Ok, fine. Let's get down to business. I'm assuming that you don't need to have explained to you WHY you might want to steal software.

How Commercial Software Works

To make money from commercial software, the licensor (makers of software title Foo) must have a way of ensuring that the only people who get to use their software are people who paid for it. This is accomplished through a number of different measures, usually depending upon the price (not necessarily value) of the software.

At the lowest end lies Shareware, most often used by small developers who are selling licensing games or utilities. The concept behind Shareware is that person A downloads a copy of the software off of the internet and is then free to distribute it to persons B, and C, who can then distribute it further. This model has, with the advent of a relatively high-speed internet, become a system where a potential end user has the opportunity to try before he or she buys.
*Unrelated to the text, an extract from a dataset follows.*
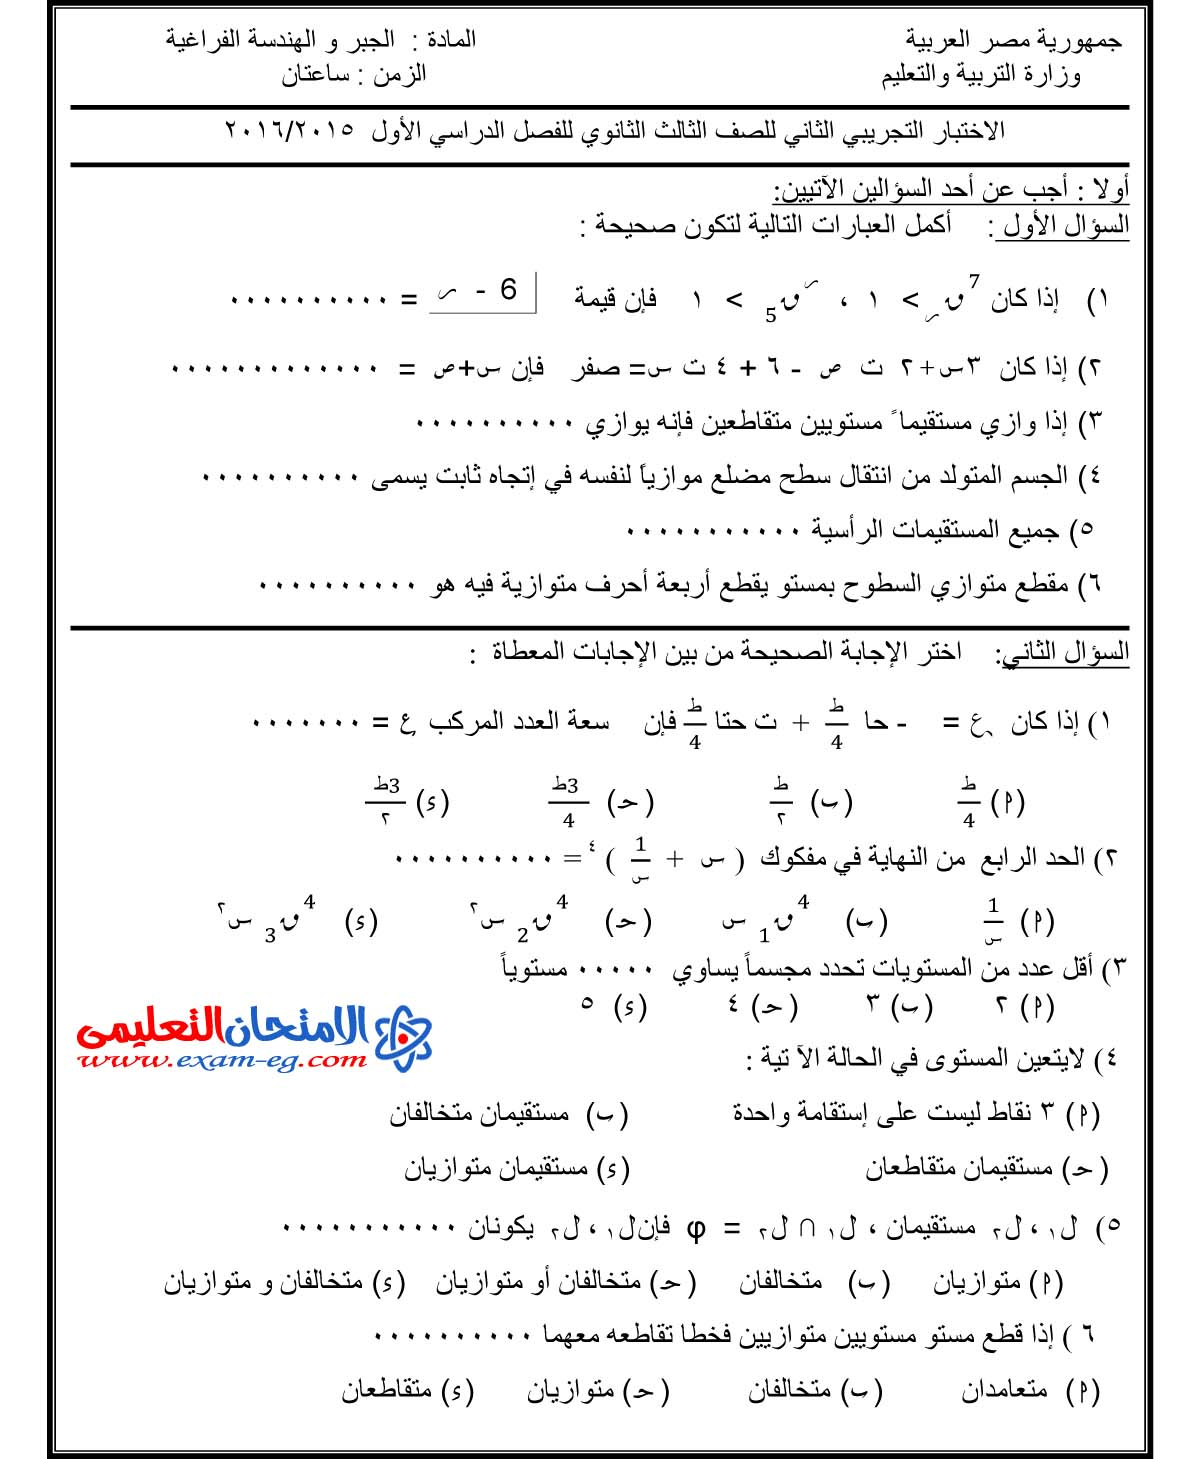 exam-eg.com_1460421182943.jpg

Due to the distributive nature of shareware, the end user must:

  • Be able to use the software before they buy it.
  • Be encouraged to buy the software if they do use it.
This is done one of two main ways: A "full" version is distributed, with either partial functionality (crippled), a timer that locks the software after thirty days (time delay), or that simply uses popups at startup or during functioning to encourage the user to pay to remove the annoyances.
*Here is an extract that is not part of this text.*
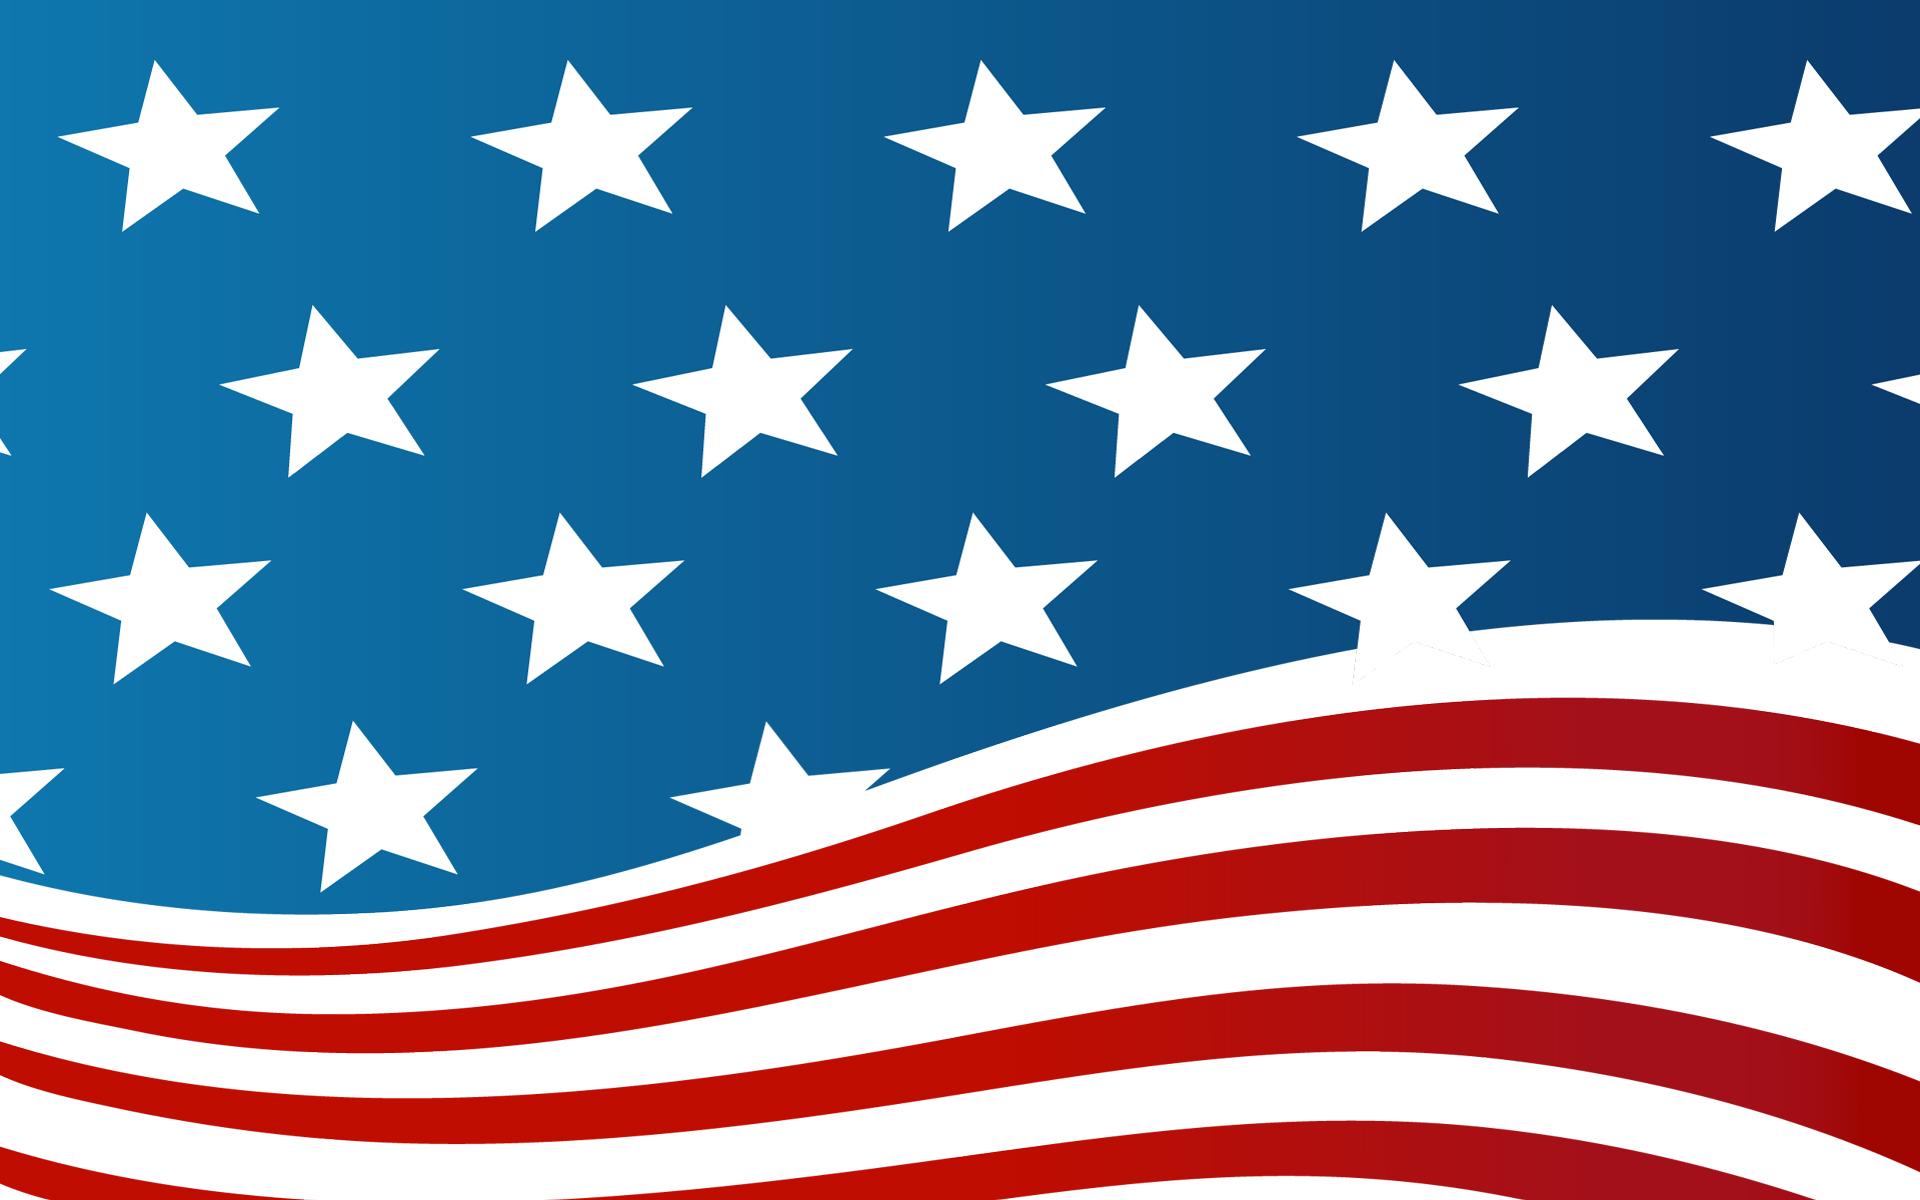 45778 Заставки и Обои Флаги на телефон. Скачать Сша (Usa), Флаги, Фон картинки бесплатно

A user is then supposed to pay the author a small amount of money (usually $10 to $20), upon which the author of the software will send a serial number that will unlock the software, providing full functionality with no distractions.

The second way, while somewhat slower and less automated, provides for slightly better protection: A demo version is publicly available, and a full version is provided or shipped to the payer. The full version usually will also be shipped with a unique serial number. This, at least, makes people either pay or search somewhat harder for illicit copies of the software. Adobe Software, for example, implements this: You cannot download anything more than a demo from their web site; to get the full version, you need to either buy a copy online or go to the store. Note, however, that Adobe Photoshop is, perhaps, the most widely pirated piece of software in the United State.

How To Steal Software:


Well, OK. Now that we've seen HOW software is protected, you've probably got a pretty good idea of what is needed to get around this protection.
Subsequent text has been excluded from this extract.